A year. Jesus Christ.
She's right. What good has going in alone done for her? Killed her, for one. And Connie, too. That alone should be enough to scratch it off her mind's drawing board and although she tries she can't imagine a world where she relies on anyone except herself. Like thick mud drawing her in, enough that she's stopped struggling altogether despite knowing she'll suffocate.
We still keep trying.
Connecticut sinks down into the grass. She has a feeling she's suffocating too. And has for a long time.
She hauls herself up and treads silently across the yard to CT.
"We must be pretty stupid, then."
no subject
"Yeah," CT says, without lifting her head. "Pretty fucking stupid."
She's been trying, she has. In some ways she's even succeeded. There are people around here that she trusts, people she talks to when things go wrong. Yet her instincts are still trained to solitude. To ask people to help is to risk both their life and her own heart.
Either she gets them hurt or they hurt her, that's how it always went before. Maybe not now, maybe the people she has won't have her trust forged into a blade to be plunged into one of their chests, but it's hard to abandon the instinct entirely.
Wrap soon?
She's quiet for a while, looking out into the yard discretely. Better to give space in times like these than try to command the exhaustion out of someone. To force them into lifting their head when they're already so weighted.
And it worked, this silence. Most of the time. She'd perch bench-side with South, listening to her invent expletives for ten, sometimes twenty minutes at a time, but there regardless. And after the fire extinguished, she'd stand, unflinching. 'Done?' And South would follow.

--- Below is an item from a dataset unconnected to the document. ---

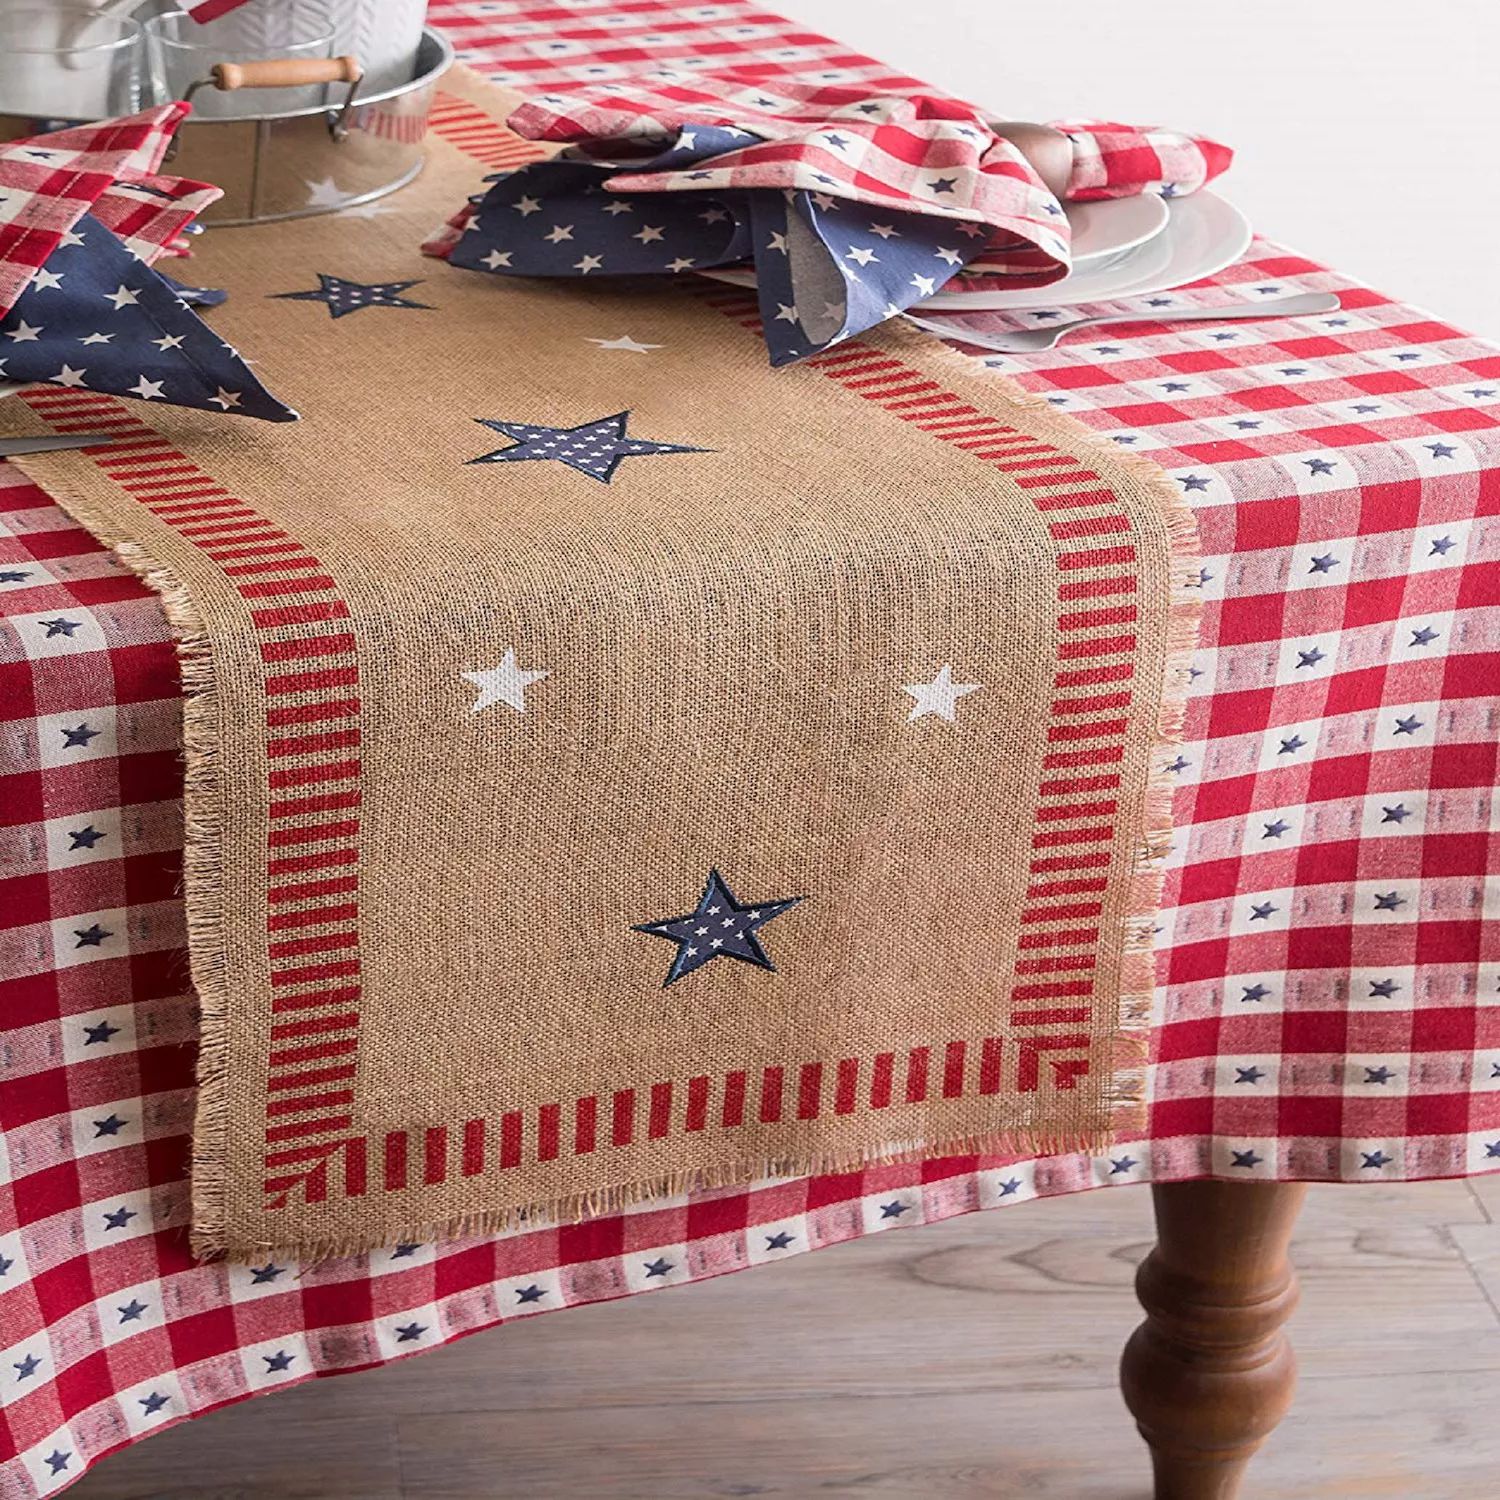 74-дюймовая дорожка для стола из мешковины Americana со звездами и полосами, 4 июля

And Maine, silence already so integrated into his existence. He was easiest to learn. To know. Her favorite, apart from York— although she'll deny picking favorites at all. She'd become familiar enough with these silences that their nuance revealed themselves; grunts, sniffs and head movements his own unique sentence structure. And whereas others deterred to voicing his thoughts aloud for him, she sat quietly. Sometimes for hours.

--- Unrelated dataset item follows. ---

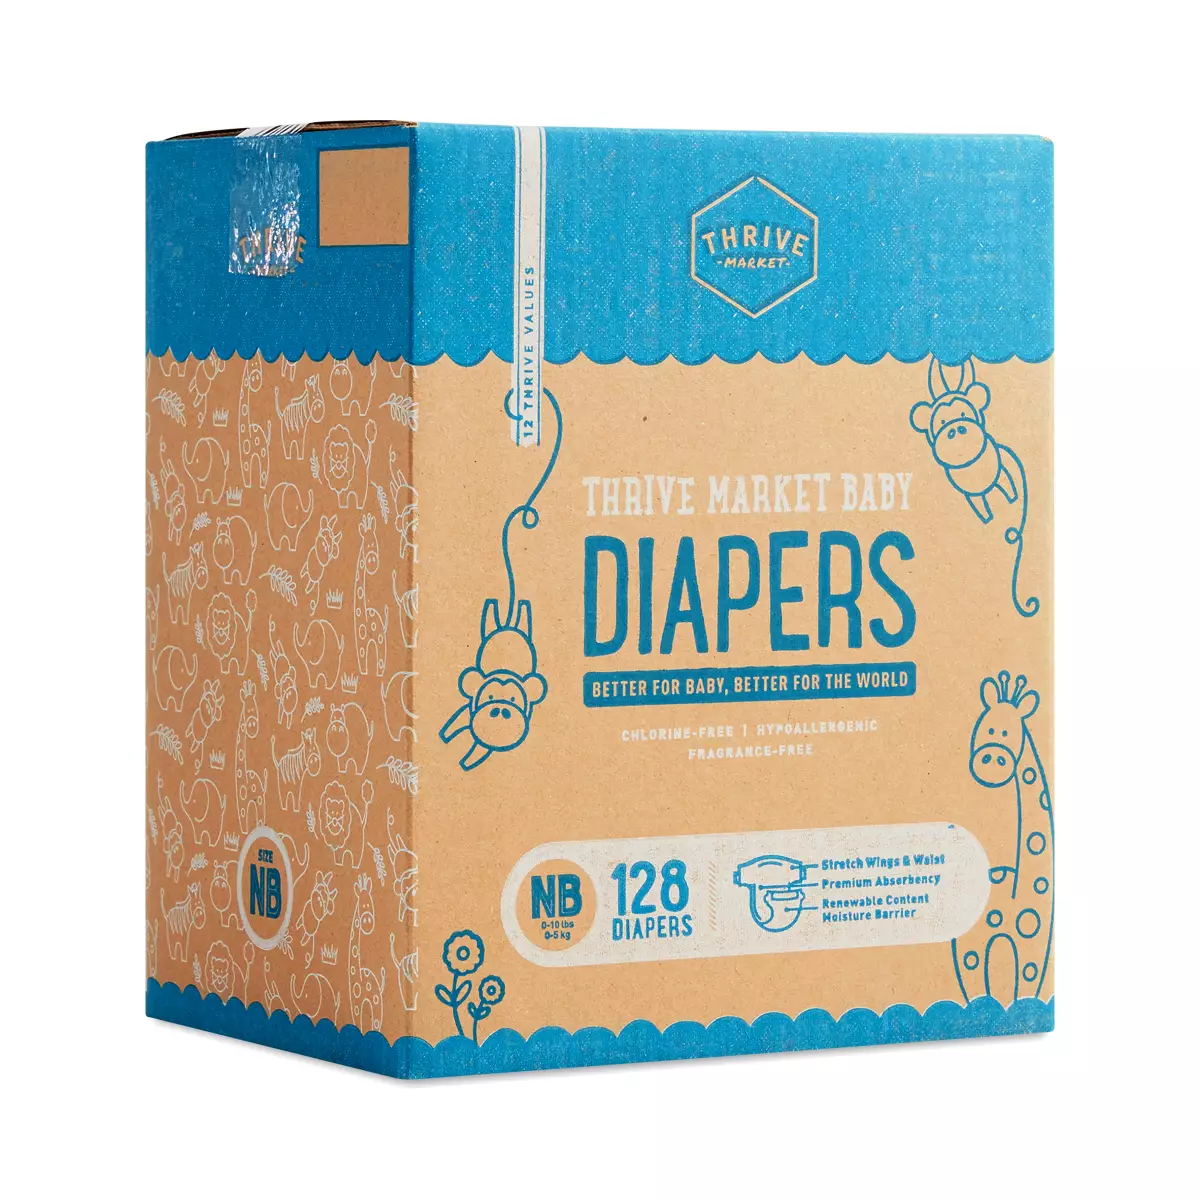 Thrive market diaper deals

Connie was always a little harder. Always a distance away.
"My address is 475 Strawberry Fields Straight. You said you wanted to know. Maybe you already do, since you're so good at that." There's no malice in the remark. "If you think of any more questions, or if you want to talk— about anything— you can find me there."
A pause.
"We don't have to keep doing this to ourselves."
yes!
One of the strangest things about those years in the program, when Connie became CT and living on the ship started to feel like standing on a bear trap waiting for it to close, was how even in a room bustling with people the world felt quiet.
More than just feeling alone in a crowded room. Chatter that felt empty, words that meant nothing, voices she could barely hear even though they were right there. Silence amidst noise. Even the emptiness of the observation deck during long, lonely nights felt louder, filled with questions and expectations and work to be done. But a locker room full of her friends, bantering and arguing and talking, utterly and wilfully oblivious to the noose waiting to cinch around their throats, that was the quietest place of all.
Her hands fall. Her head lifts part-way.
"...mm, maybe we don't," is all she manages to say.